The Minister of Finance and Investment Promotion, Prof. Mthuli Ncube, announced on Tuesday that the Zimbabwe Gold (ZiG) is now the official unit of exchange for transactions.
According to Prof. Ncube, plans are underway to implement regulations to ensure businesses adhere to the official exchange rate.
Since its launch in early April, the ZiG has maintained stability on the official market. However, it has encountered challenges on the parallel market, where traders charge a premium of 65% above the official rate to acquire dollars.
Some supermarkets have also been observed charging a premium above the market rate of ZiG 13.6 per U.S. dollar for customers using the new currency, while informal traders have shown reluctance to accept ZiG.
In a statement, Finance Minister Prof.

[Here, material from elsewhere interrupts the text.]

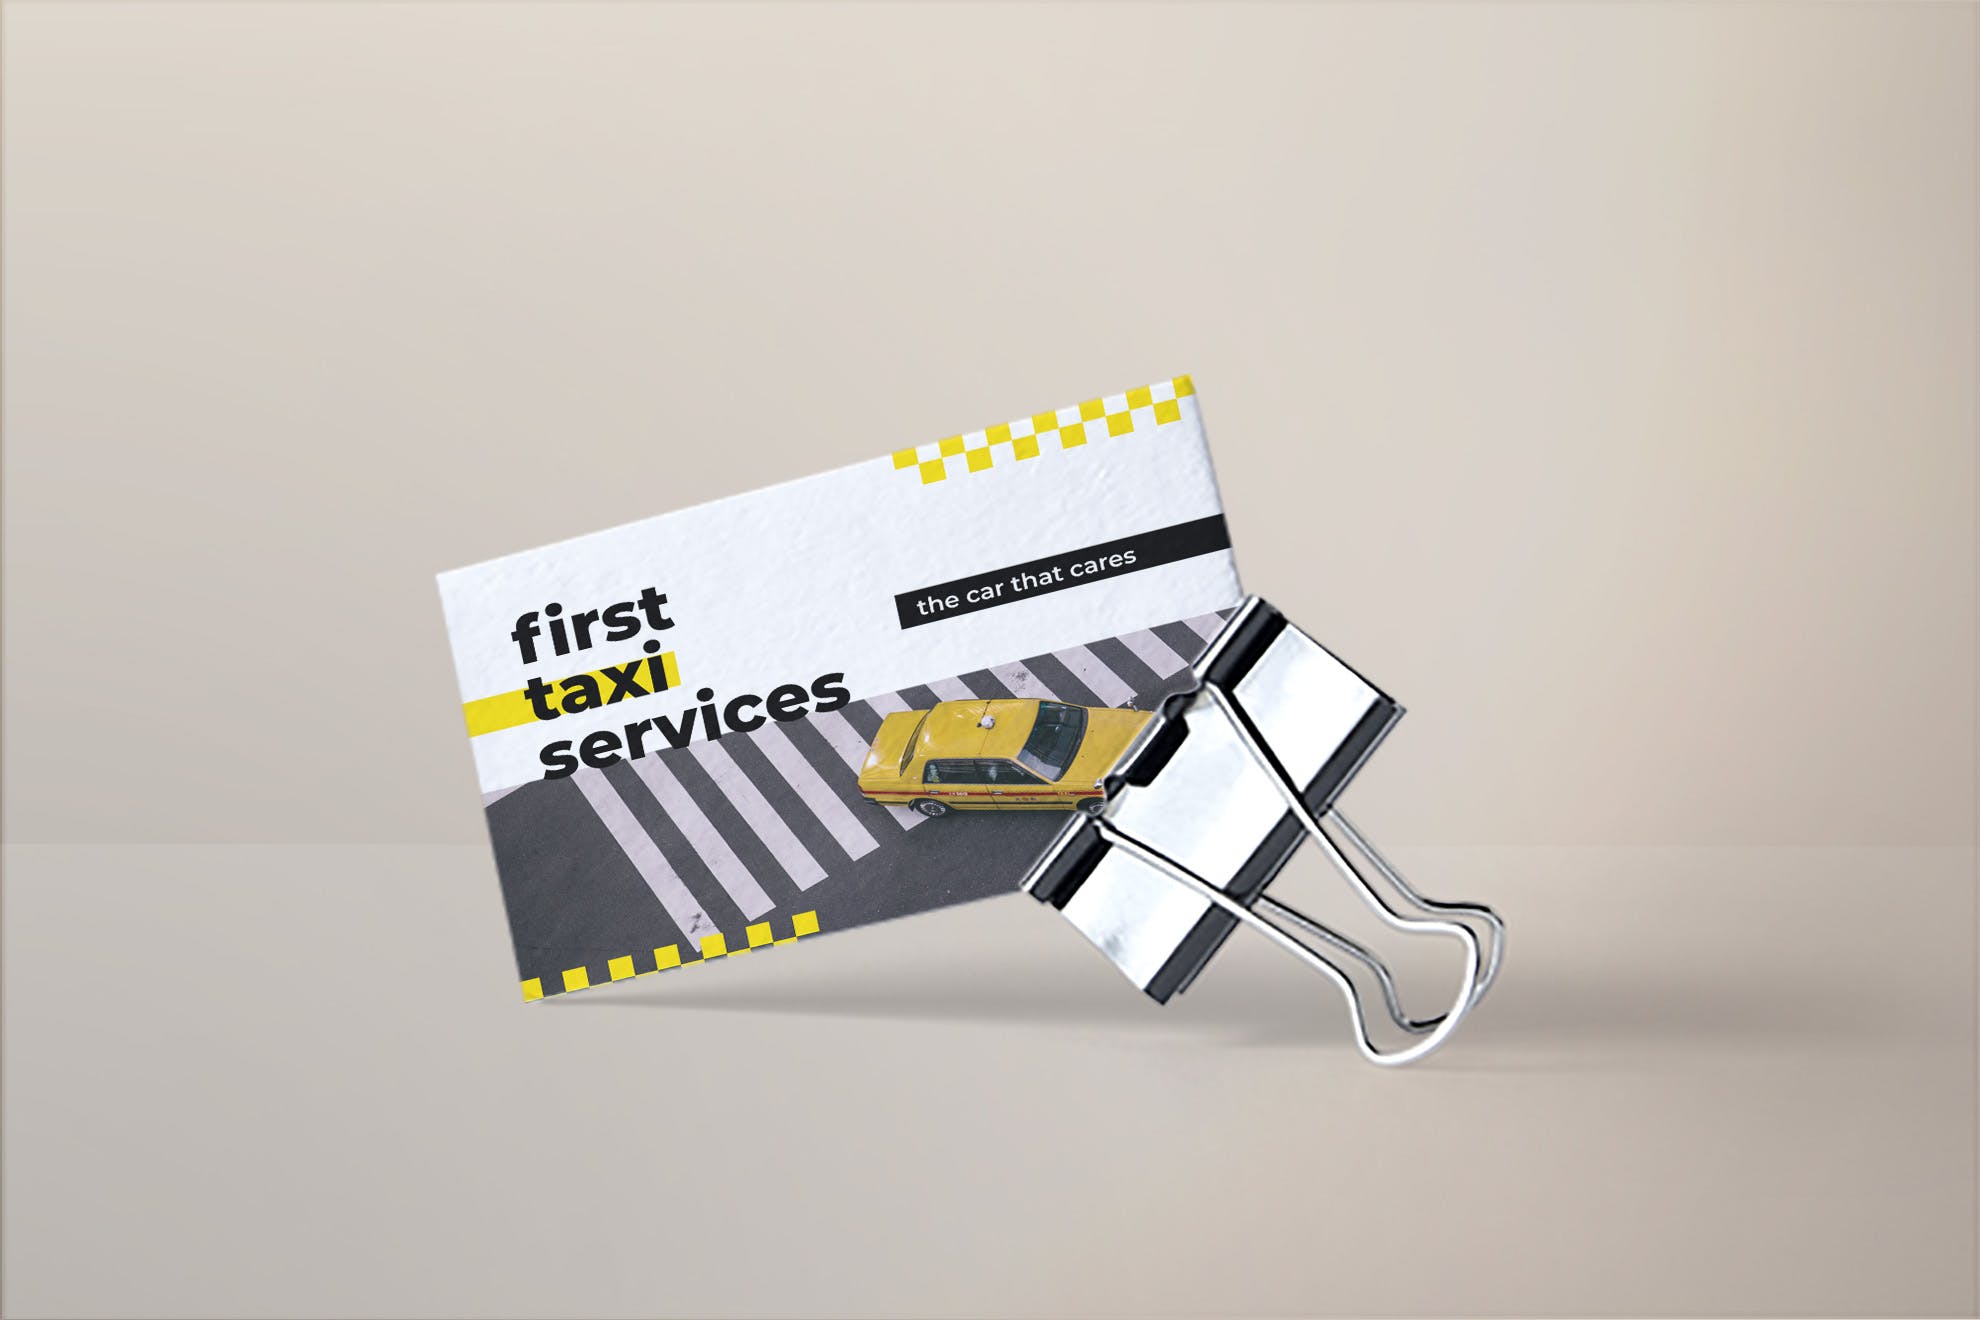 出租车/网约车服务企业司机名片设计模板 Taxi Services Business Card插图1

Mthuli Ncube emphasized the government’s commitment to enforcing orderly pricing.
He announced plans to introduce regulations to ensure that only the official exchange rate is used for pricing goods and services.
“To ensure orderly pricing, the government will soon introduce the necessary regulations to ensure that no exchange rate other than the official rate will be used for the pricing of all goods and services,” Prof. Ncube said.

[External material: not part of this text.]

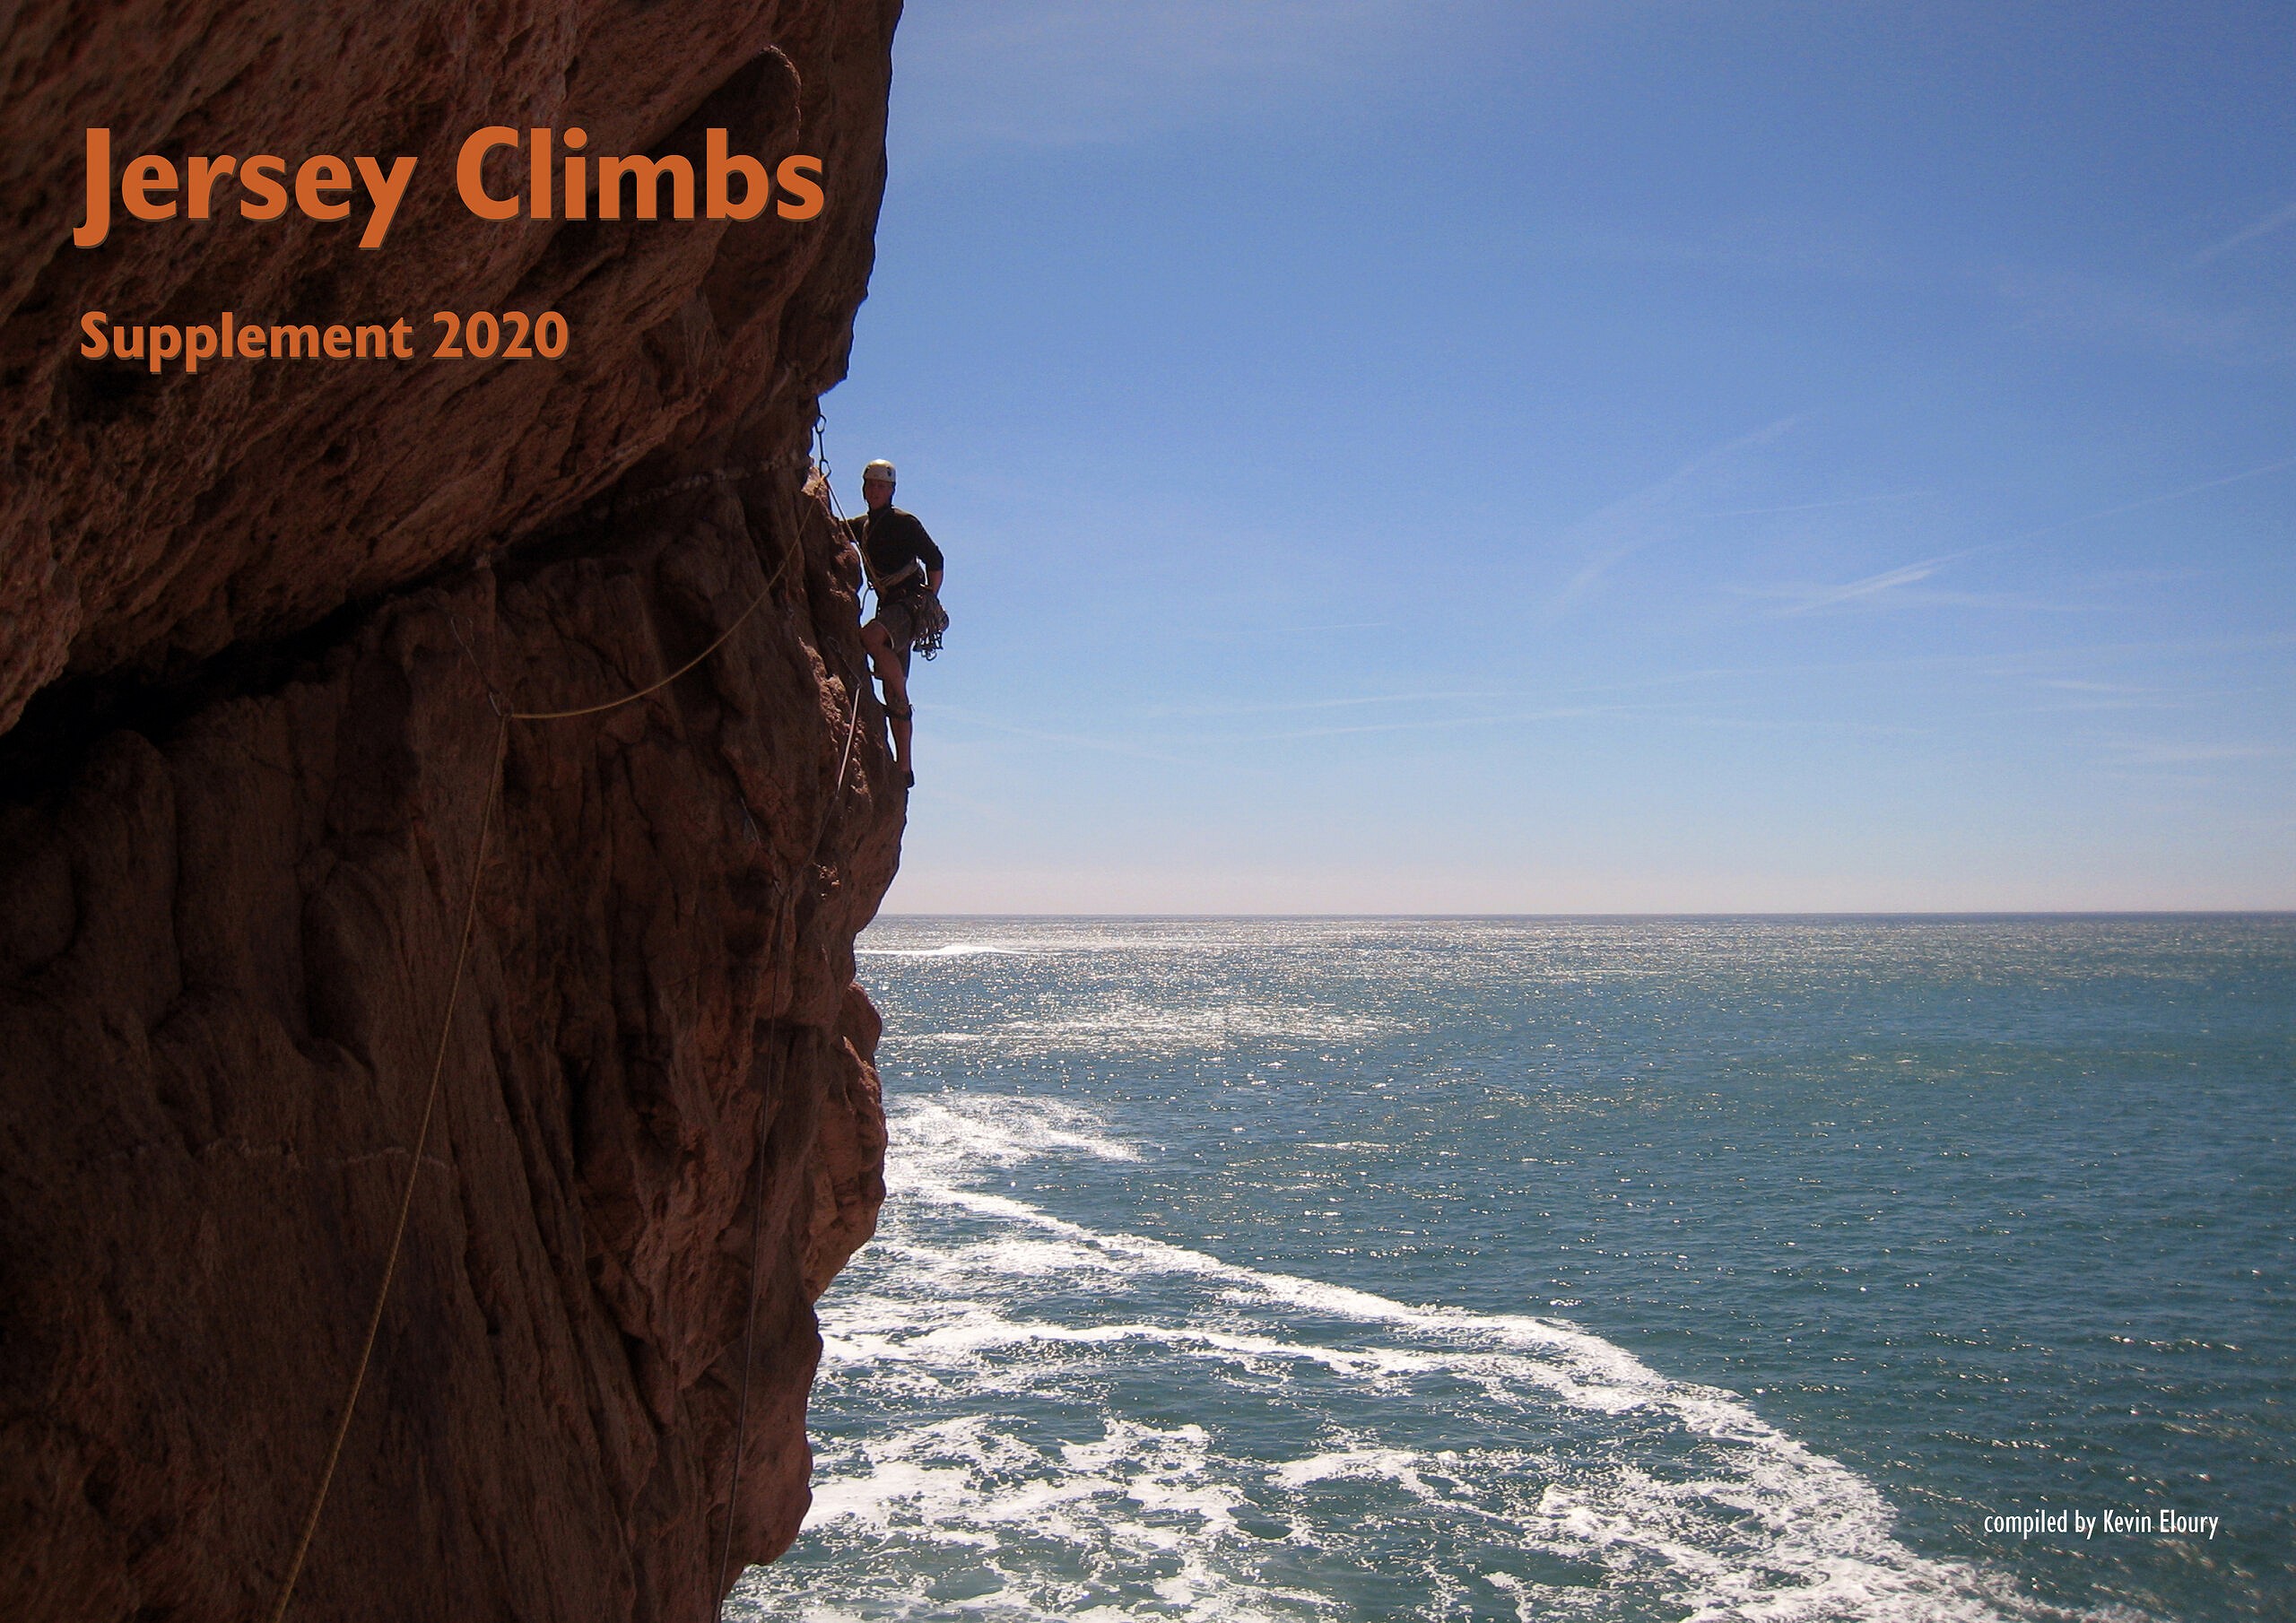 Jersey Climbs Supplement  © Kevin Eloury

Efforts to support the ZiG’s stability have been ongoing since its launch, including crackdowns on illegal foreign currency traders initiated by authorities last month.
The introduction of the ZiG marks Zimbabwe’s fourth attempt at establishing a local currency within a decade. The move comes after the country abandoned the Zim dollar last month due to a 70% depreciation since the beginning of the year.